O kadar güzelmiş ki, yürüdüğü zaman herkes bir defa olsun başını şöyle bir yana çevirip onu mutlaka seyredermiş. Fakat Ayşe kızın bir kusuru varmış. Bu kadar çok güzel olmasına rağmen çirkin görünebilmek için elinden geleni yaparmış. Köyün delikanlılarından uzak kalabilmek için alabildiğine kendini çirkinleştirirmiş. Saçlarını çoğu zaman topuzlu halde tutarmış. Sadece topuz olsa, güzel tokalar yerine paravana kullanarak saçlarının şeklini değiştirir, çirkinleşmek için elinden geleni yaparmış.

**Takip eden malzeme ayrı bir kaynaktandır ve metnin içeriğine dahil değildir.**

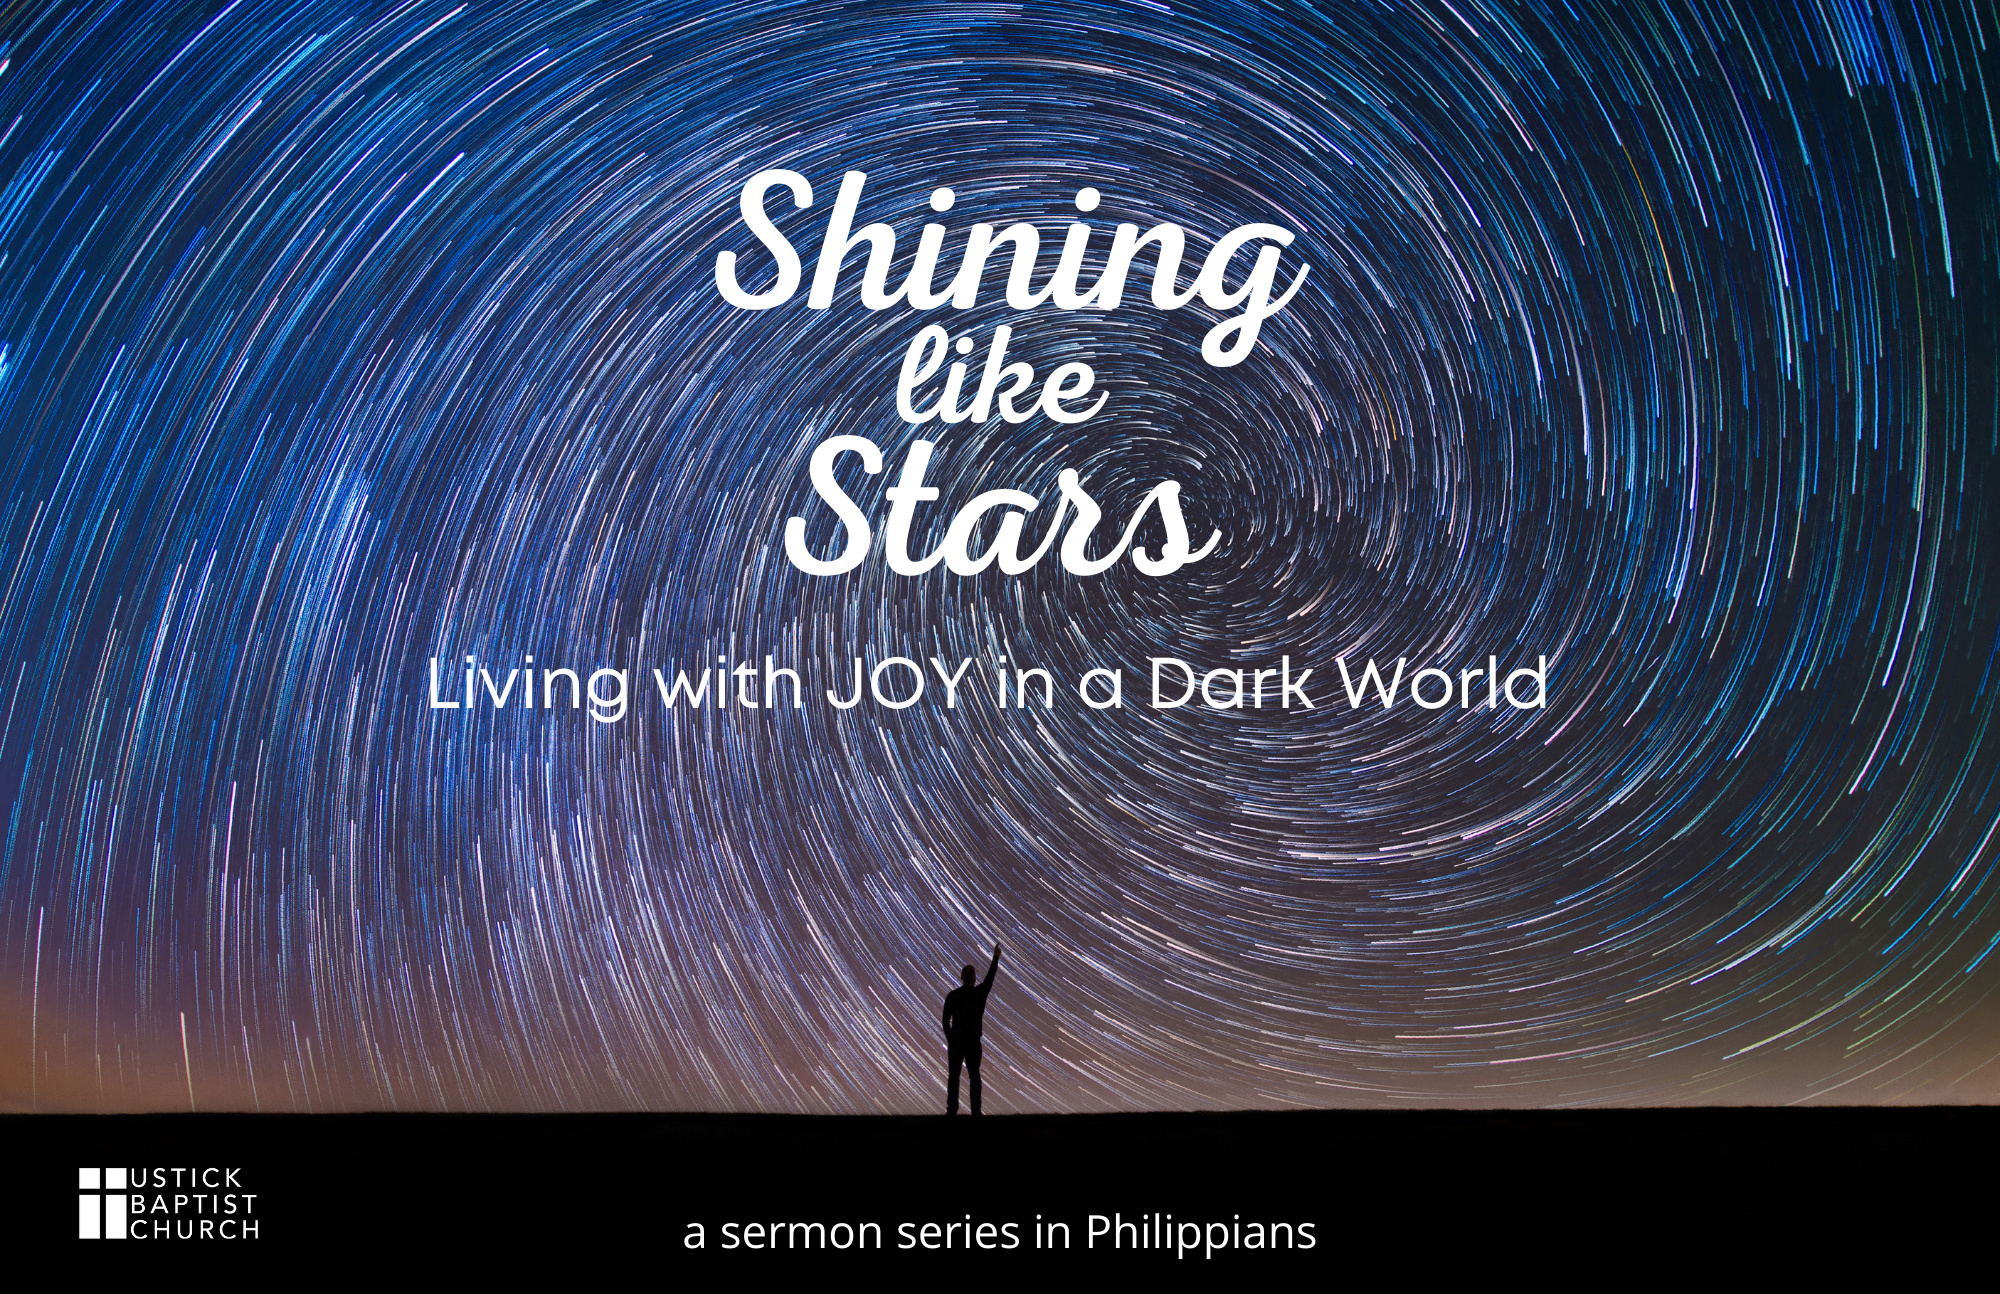 Finding Joy in Christ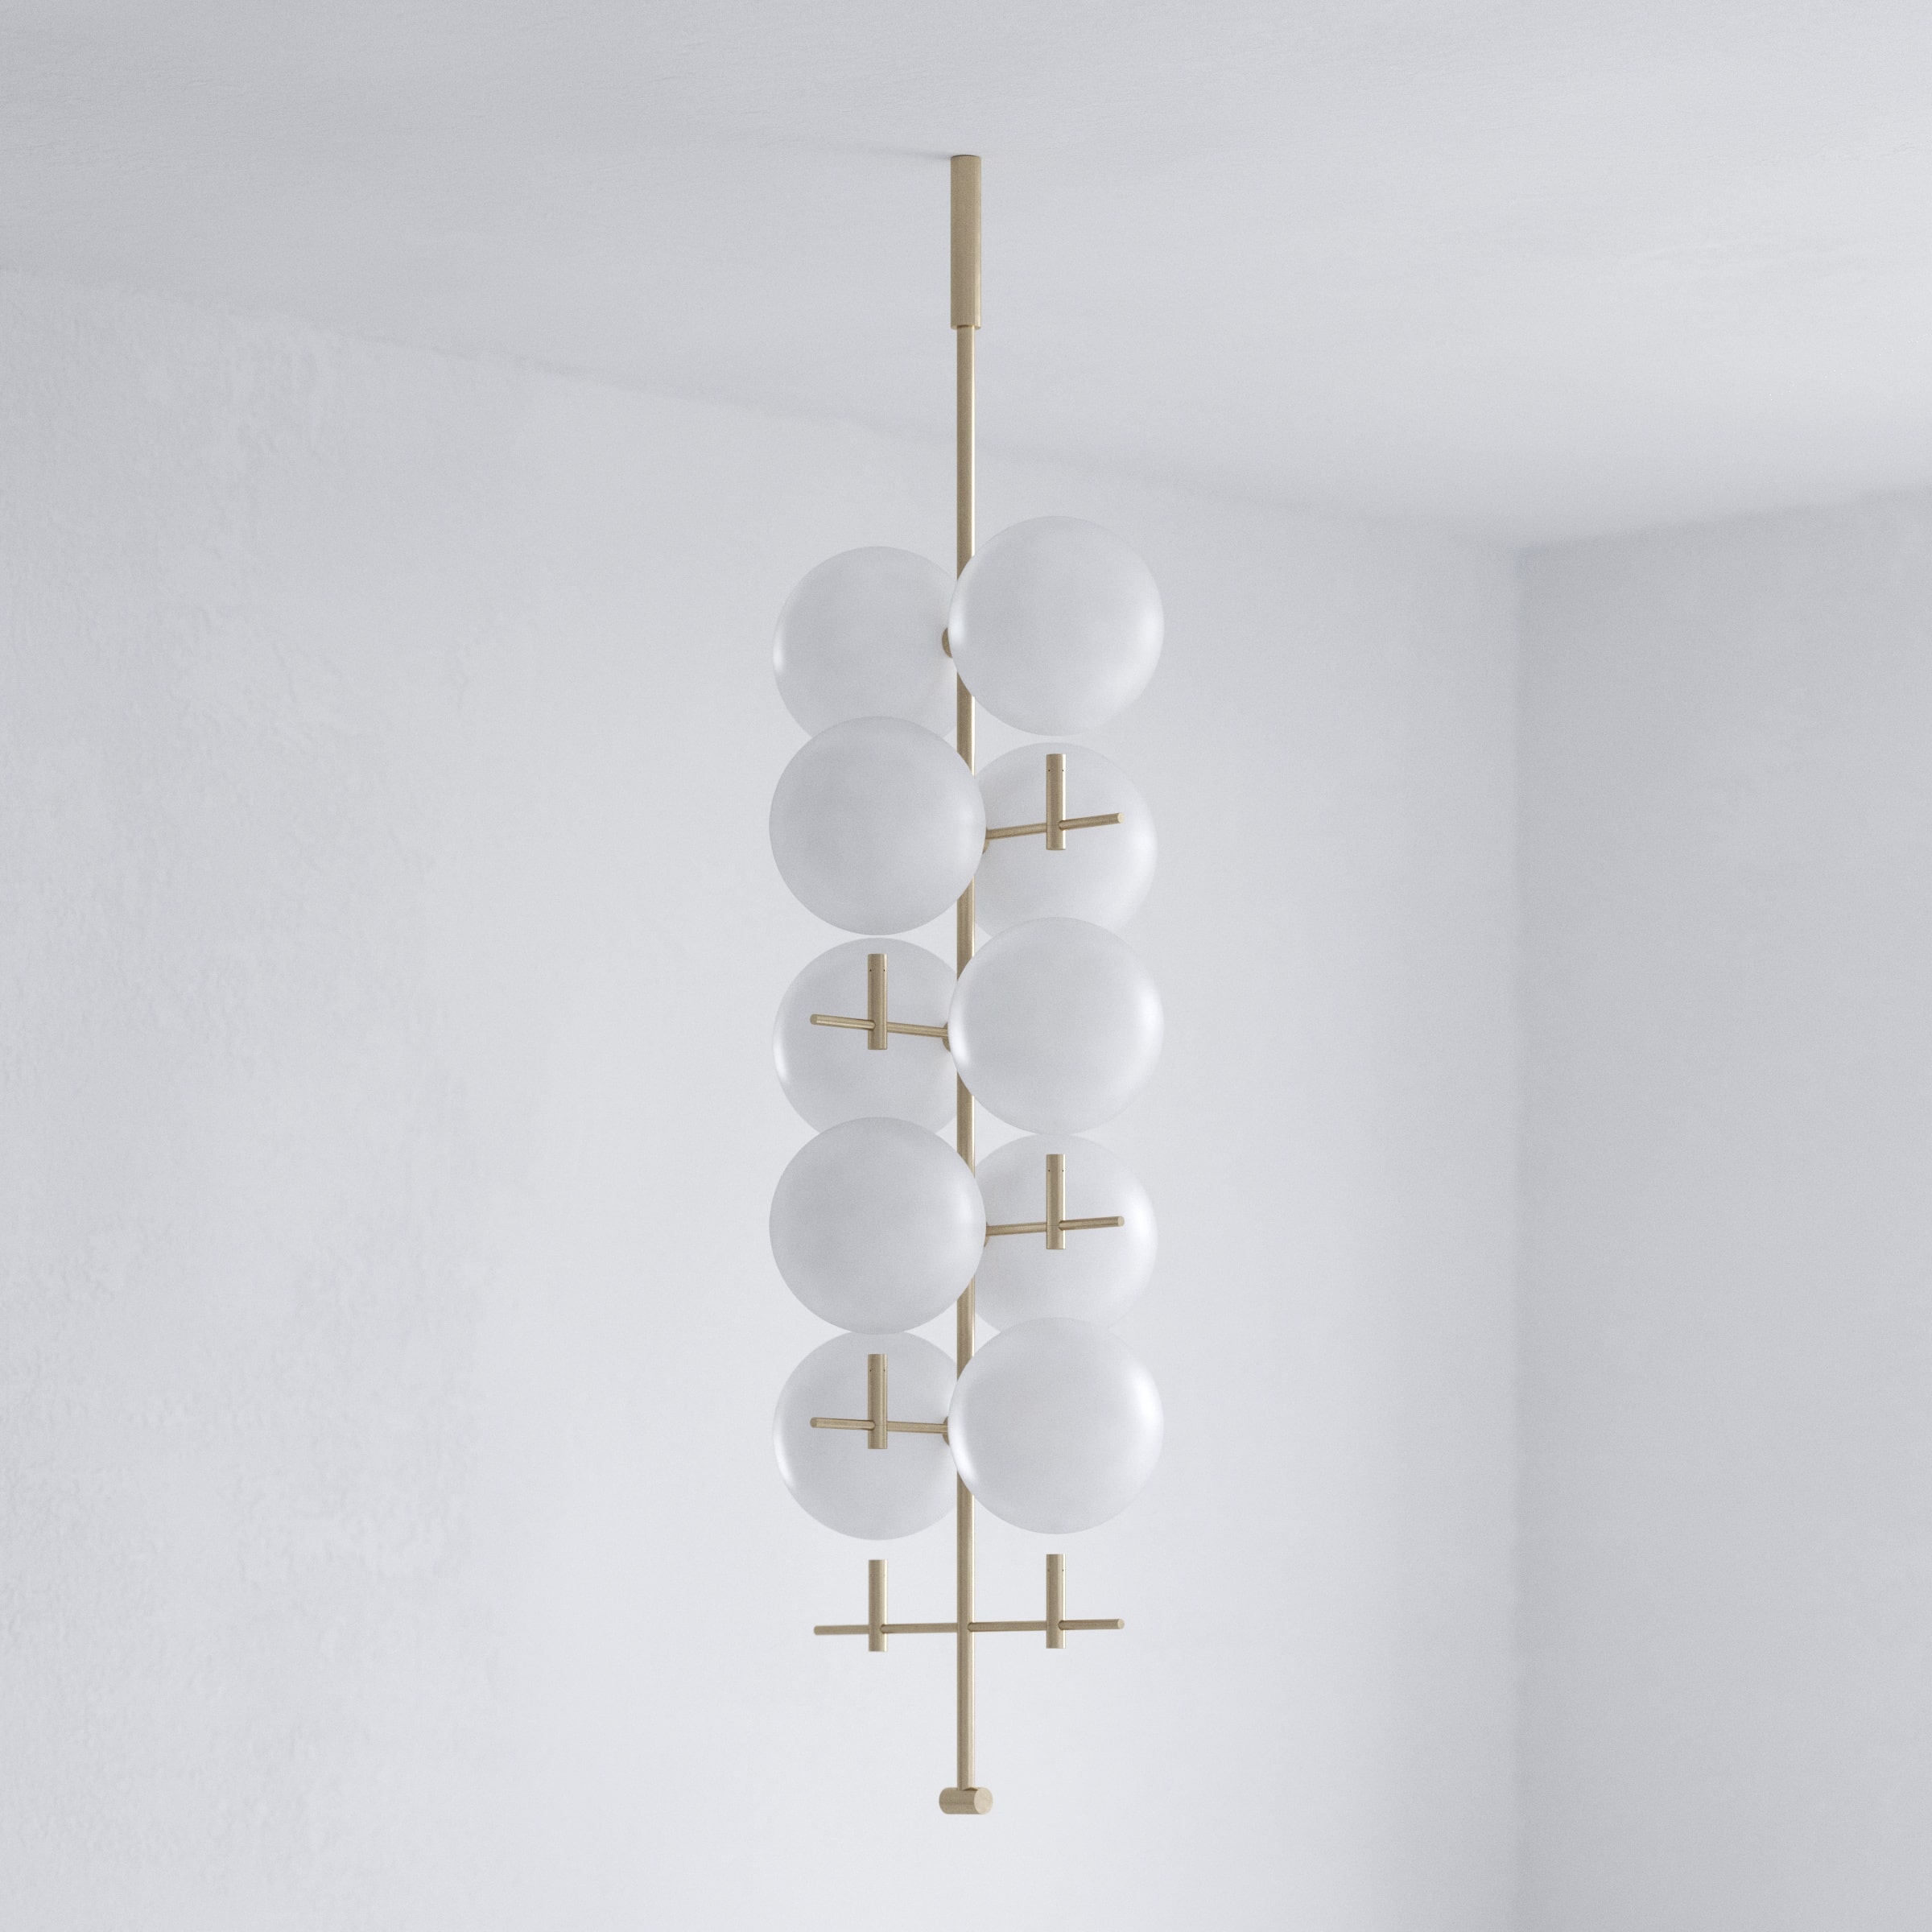 Handmade Luna Luminaries Collection of Lightning made of Glass and Brass Ten Lamps

Ayşe kız zamanla güzelliği ile dillere destan olmaya devam etmiştir. Zaman zaman köyün genç kızları ile birlikte bir araya gelerek sohbet ederler. Ancak Ayşe kız sohbetlerde evlilik konusu gelince susar hiç cevap vermez. Bu konuyu geçiştirir giderdi. Kendisini çirkinleştirmek için neden bu kadar gayret ettiği sorulduğunda da gülüp geçiştirdi. Ne olursa olsun hiç evlenmeyeceğini yaşıtlarına kesin olarak söylerdi.

Zaman akıp geçiyor Ayşe kız yavaş yavaş yaşlanmaya başlamıştı. Kendisine gelen bütün nasipleri reddeden Ayşe kız tüm ısrarlara karşı duyarsız kalmıştı. Ayşe kızı evlenme konusunda ne annesi ne de babası da razı edememişti. Ayşe kızın tek sözü vardı evlenmek istemiyorum. Bu köyün gençleri ve çevre yörelerden istekler yavaş yavaş azalmıştı. Öyle ki Ayşe kızla evlenmek isteyen delikanlı çok evlenmiş çoluk çocuk sahibi olmuştu. Ayrıca yaşıtları olan genç kızlar onlar da evlenmiş Ayşe kız toplantılarda köyün yaşıtları içerisinde evlenmeyen tek kişi kalmıştı. Onun ilerleyen yaşına karşılık yeni genç güzeller toplantılarda sohbet ederler ama Ayşe kız evlenme konusuna geldiğinde hiç mi hiç taviz vermezdi.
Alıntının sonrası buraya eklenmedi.